Exercise instructions: Restate, exactly as written, the entries below from the line that holds "नवौँ राष्ट्रिय खेलकुद" through the line that holds "SPORTEK Regular fit". Pictures are not part of the copy.

Provided entries:
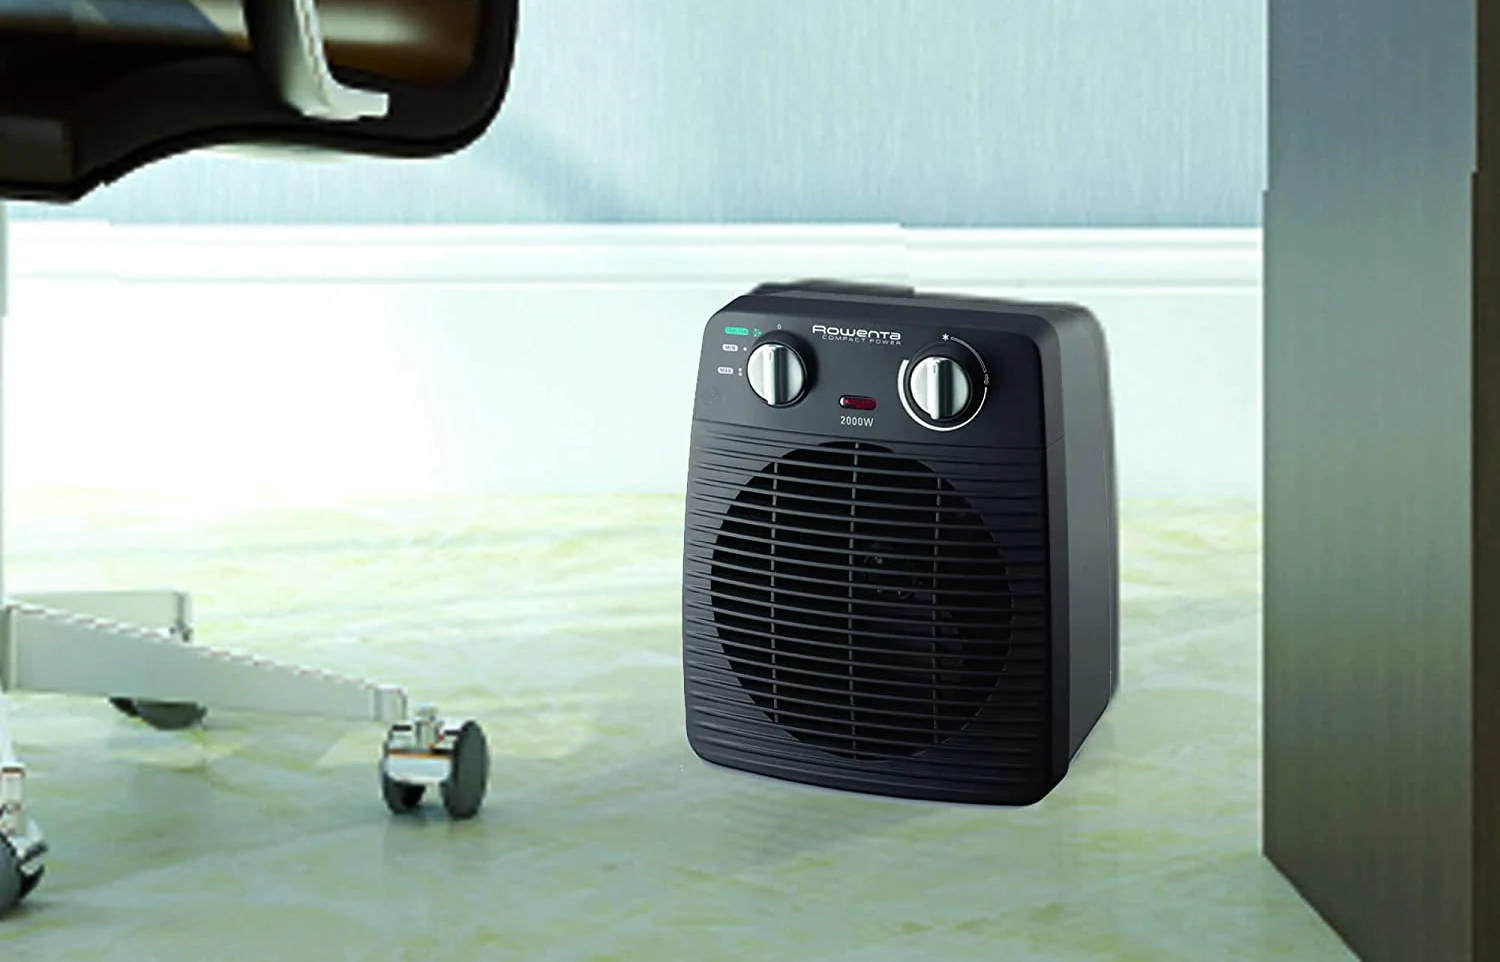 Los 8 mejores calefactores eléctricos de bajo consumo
==
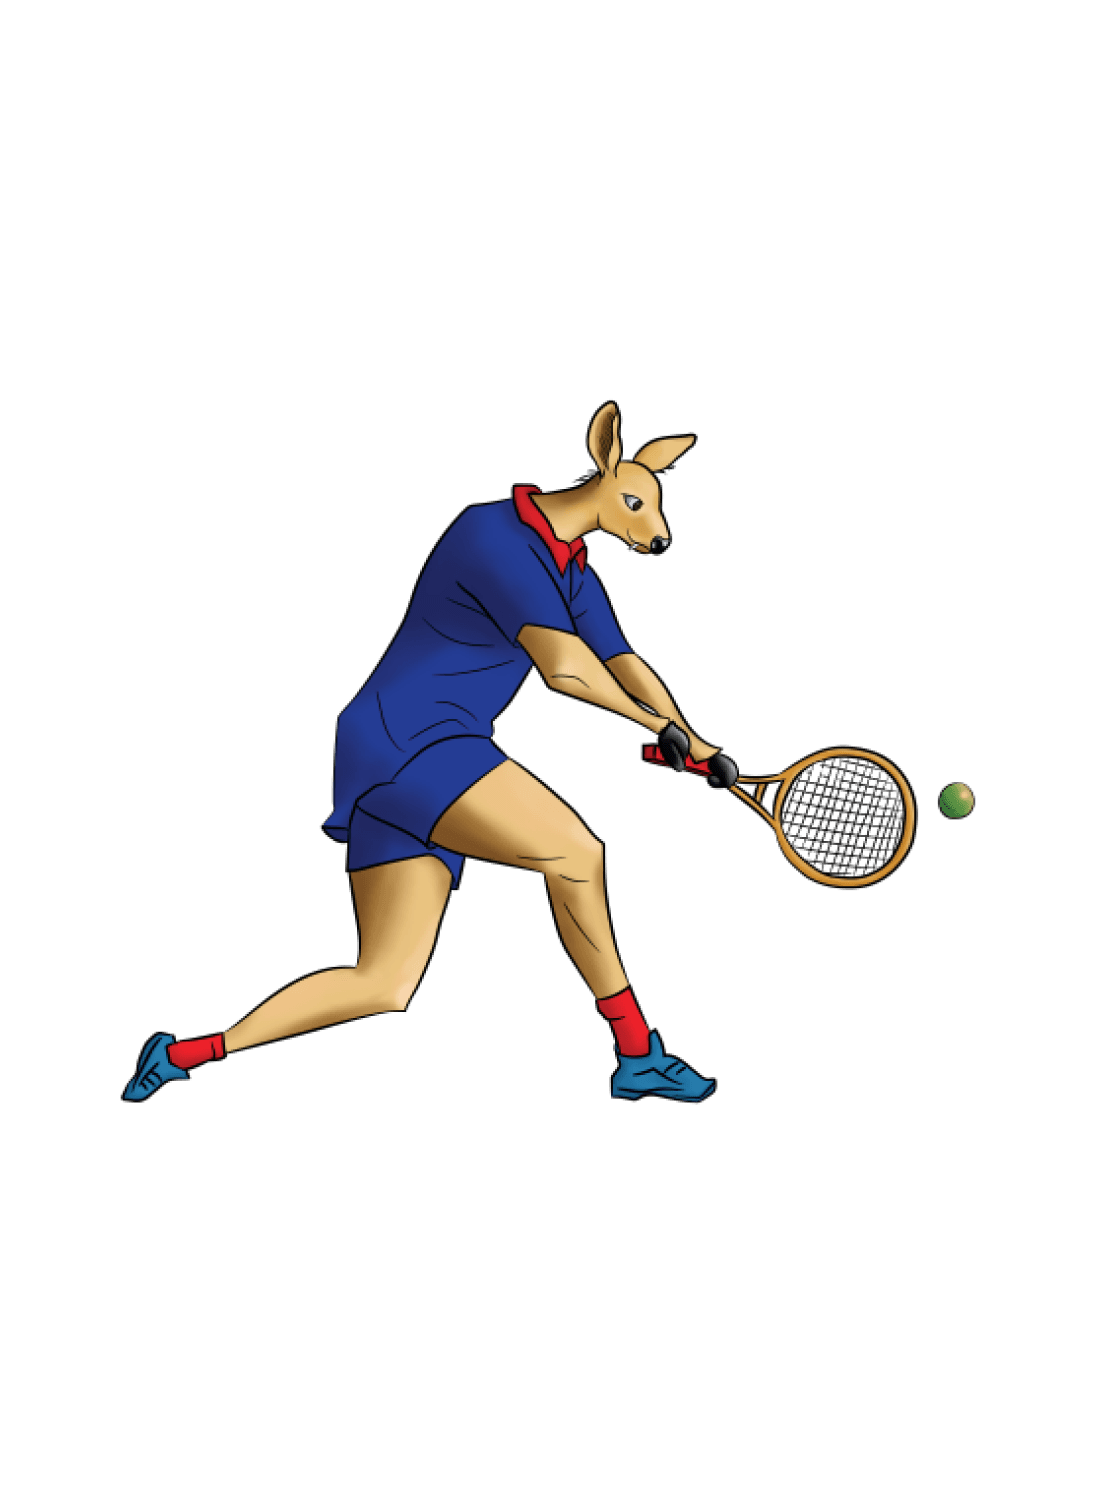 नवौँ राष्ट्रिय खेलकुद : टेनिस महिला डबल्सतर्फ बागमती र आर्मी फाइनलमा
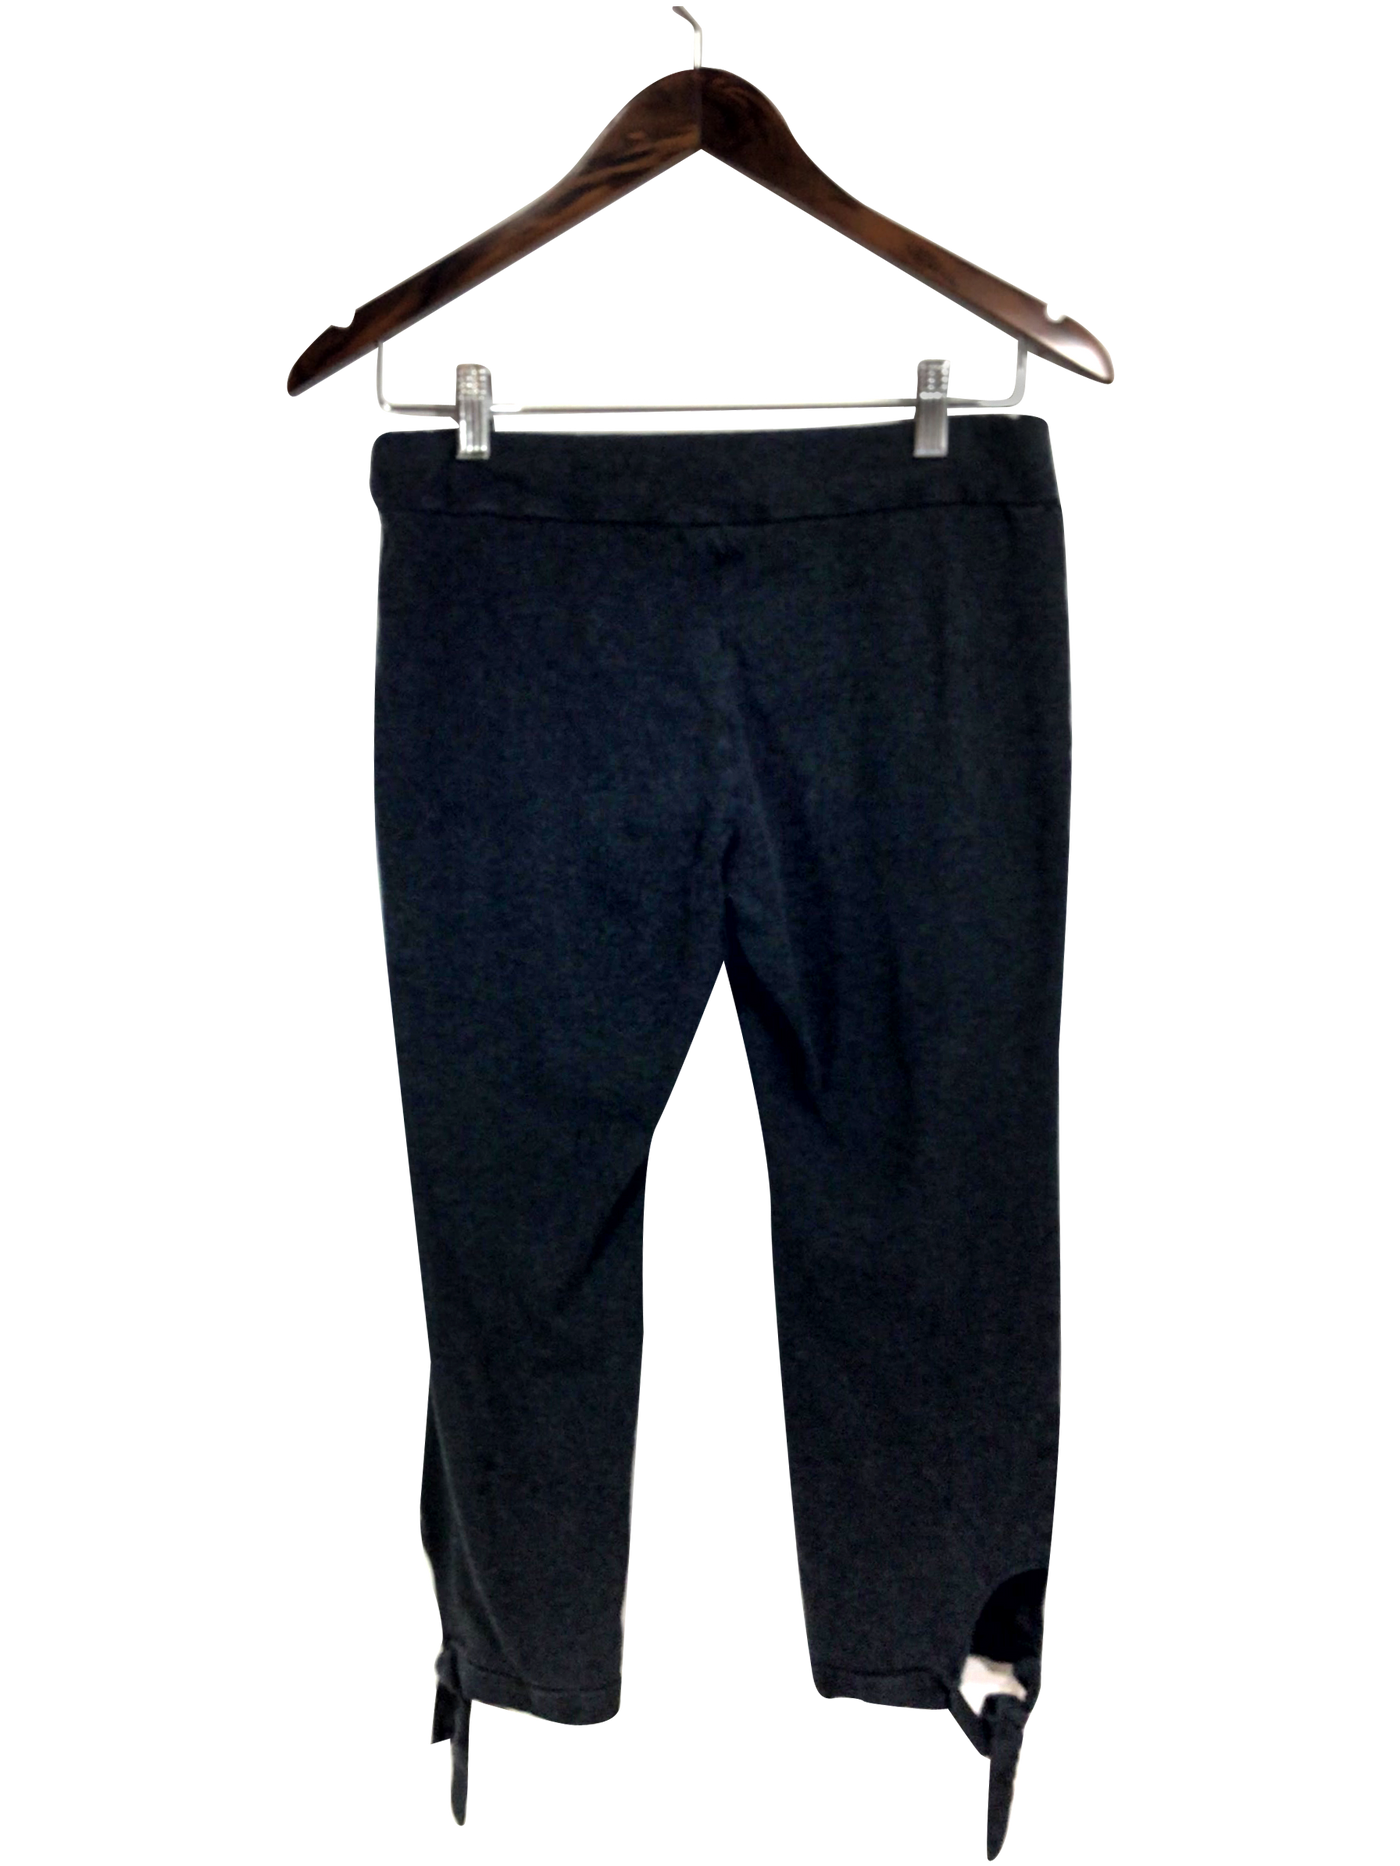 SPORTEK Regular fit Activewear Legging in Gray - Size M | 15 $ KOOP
==
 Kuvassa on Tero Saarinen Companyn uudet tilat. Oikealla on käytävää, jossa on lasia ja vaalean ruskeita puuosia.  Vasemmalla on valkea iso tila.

Solution to the problem:
 नवौँ राष्ट्रिय खेलकुद : टेनिस महिला डबल्सतर्फ बागमती र आर्मी फाइनलमा
 SPORTEK Regular fit Activewear Legging in Gray - Size M | 15 $ KOOP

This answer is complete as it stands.